As a developer and systems architect, I really like this. As uset, I hate this so much. On slower connections, I like to load a page, swap tabs, come back later and expect the page to be loaded. This mechanism will now break (and is already brokrn by the usr of these lazy loading libs).

  • cameronbrown 6 years ago

    Hmm, maybe if websites don't use lazy loading JavaScript anymore (guilty as charged btw) then you'll be able to configure it however you want in browser settings?

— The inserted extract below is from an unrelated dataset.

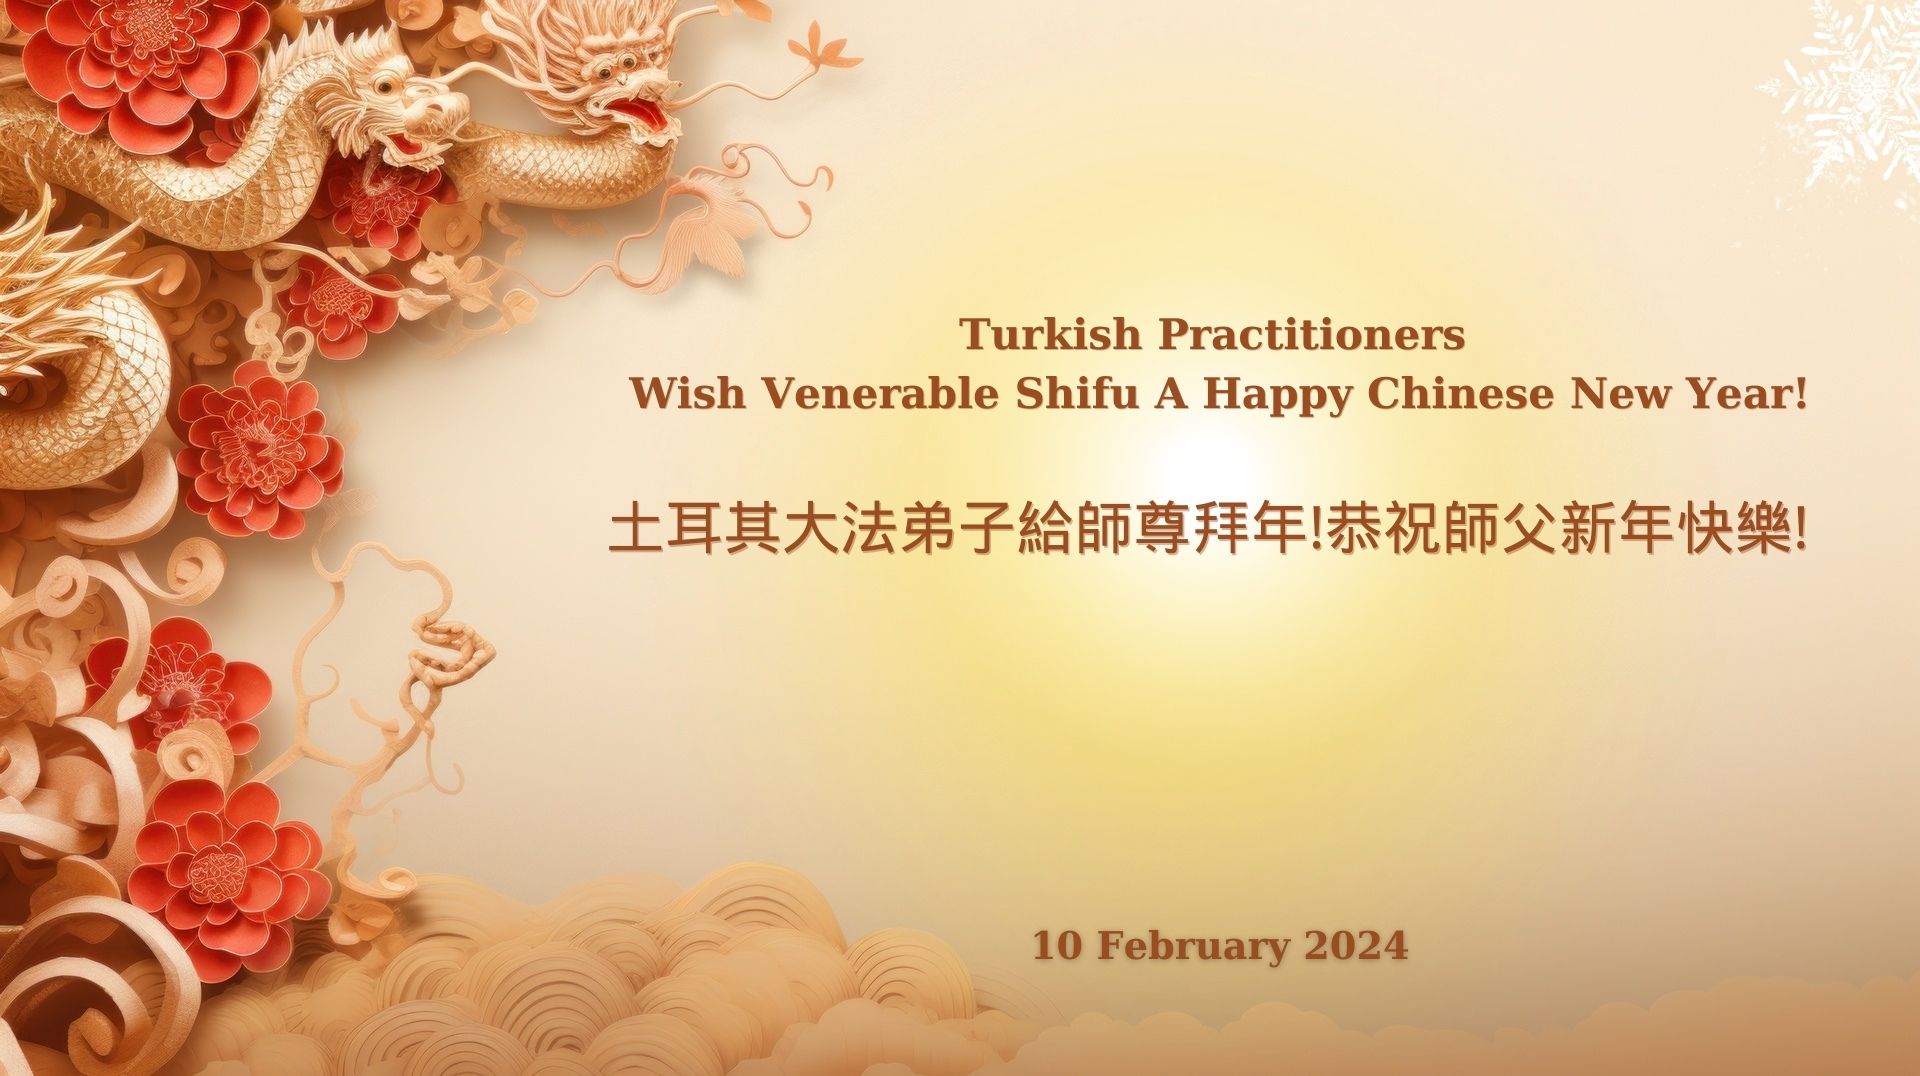 Image for article Türkiye'deki Uygulayıcılar Saygıdeğer Shifu Li'nin 2024 Çin Yeni Yılını Kutluyorlar!

    • davidweatherall 6 years ago

      I imagine anti-lazyloading extensions will start appearing soon.

      • mantas 6 years ago

        And that's exactly why common API for lazyloading is awesome. It's a PITA to write such extension when everybody is using custom approaches for lazyloading. Once there's a common API, there will be a common approach to override it.

      • rasz 6 years ago

        whole extension:

            document.querySelectorAll("img[loading]").forEach(function(e){e.loading="";})
  • bgdnyxbjx 6 years ago

    Lazy loading doesn’t have to mean waiting for user input to load a resource, or waiting for the viewport. It just gives the developer a way to break up their bundles and control over when they get loaded a fetched.

    A well designed web app would have a small start up bundle so the user can get something useful quickly, and then it would start prefetching and loading the rest of the bundles.

  • city41 6 years ago

    The article contradicts itself a little bit. It says "Currently the images are fetched with different priority in Chrome, the ones which are not in the viewport have less priority. But they're fetched as soon as possible regardless."

    But it also says: "lazy: Defer loading of resources until it reaches a calculated distance from viewport."

    If a lazy image is only loaded when within a distance of the viewport, then your "come back later" strategy stops working. But if instead off screen images are just bumped down in priority and still download after higher priority stuff finishes, then your strategy should still work.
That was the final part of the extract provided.